President Donald Trump looks over to Rep. Ann Wagner, R Mo., as she speaks before Trump signs an executive order in 2017 in the Oval Office of the White House.

(AP Photo/Pablo Martinez Monsivais)

Regular readers of these editorial pages are fully aware of the disdain we’ve expressed for Rep. Ann Wagner’s behavior during the past four years. We fully respect her adherence to conservative values, but we’ve had to draw the line when she has blatantly compromised those values in order to kiss the Trumpian ring while courting his most extreme voters. On Monday, however, Wagner earned our highest praise because she took a stand for what’s right instead of what’s politically expedient. And that’s all we’ve ever really asked of her.
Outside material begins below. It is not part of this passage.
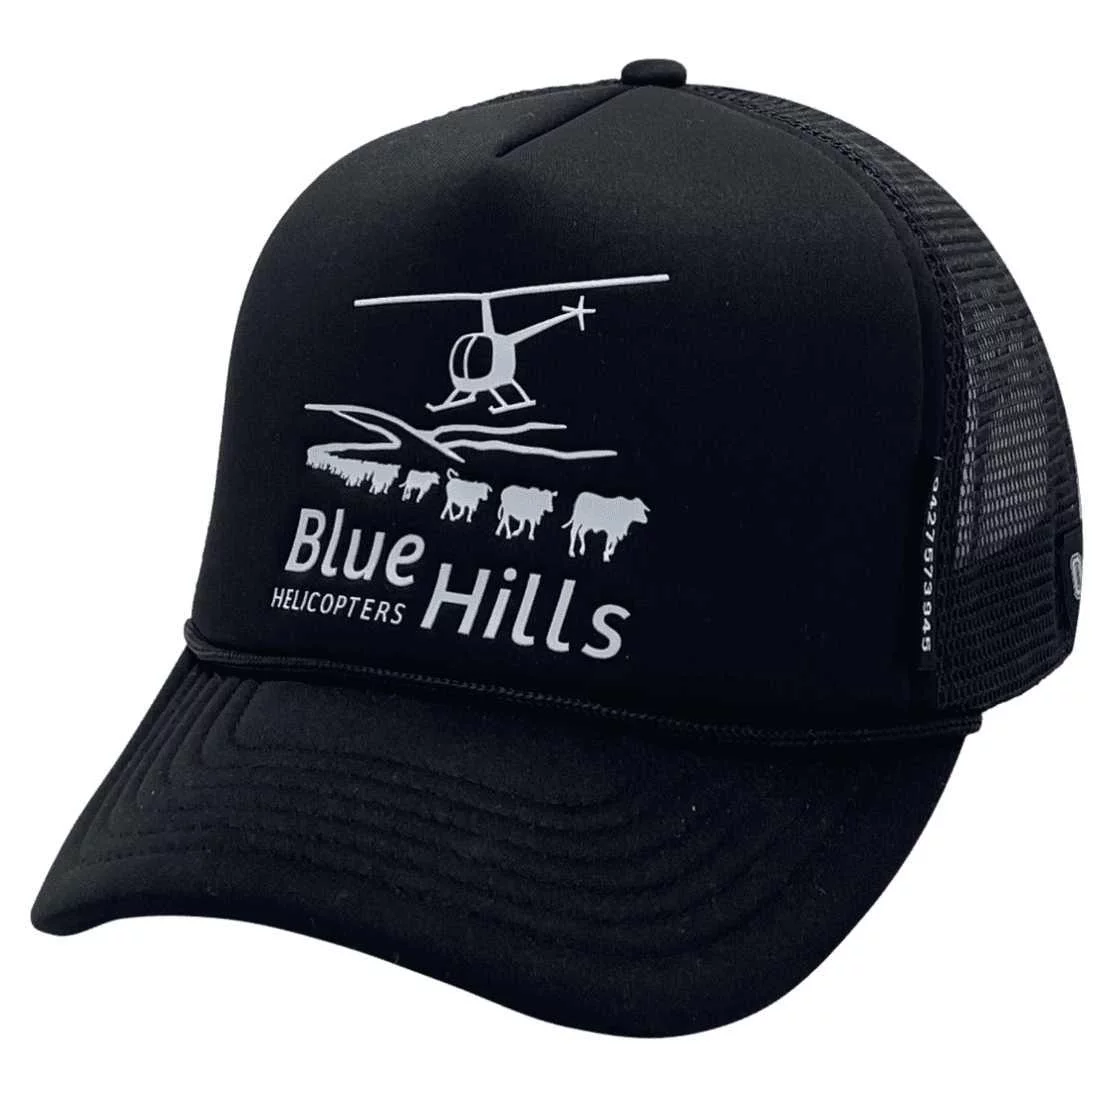 Blue Hills Helicopters Winton QLD LP Foamie Aussie Trucker Hat with Australian Head Fit Crown Size

The Ballwin Republican issued a well-articulated statement explaining exactly why she would not be supporting her fellow Republicans Wednesday in their democracy-defying bid to halt the Electoral College certification of Joe Biden as the nation’s president-elect. This decision could not have come easily for Wagner, especially after she joined the entire Missouri Republican delegation in Congress and Illinois Rep. Mike Bost, of Murphysboro, in supporting a challenge before the Supreme Court to deny Biden his election victory. For that, she and Bost deserved the outraged criticism they got from their Democrat and moderate Republican constituents.

At long last, Wagner has taken a closer look at what the United States and its Constitution really stand for. And it’s become clear that her oath of office — to support and defend the Constitution — obligates her to put the nation’s welfare above selfish partisan interests.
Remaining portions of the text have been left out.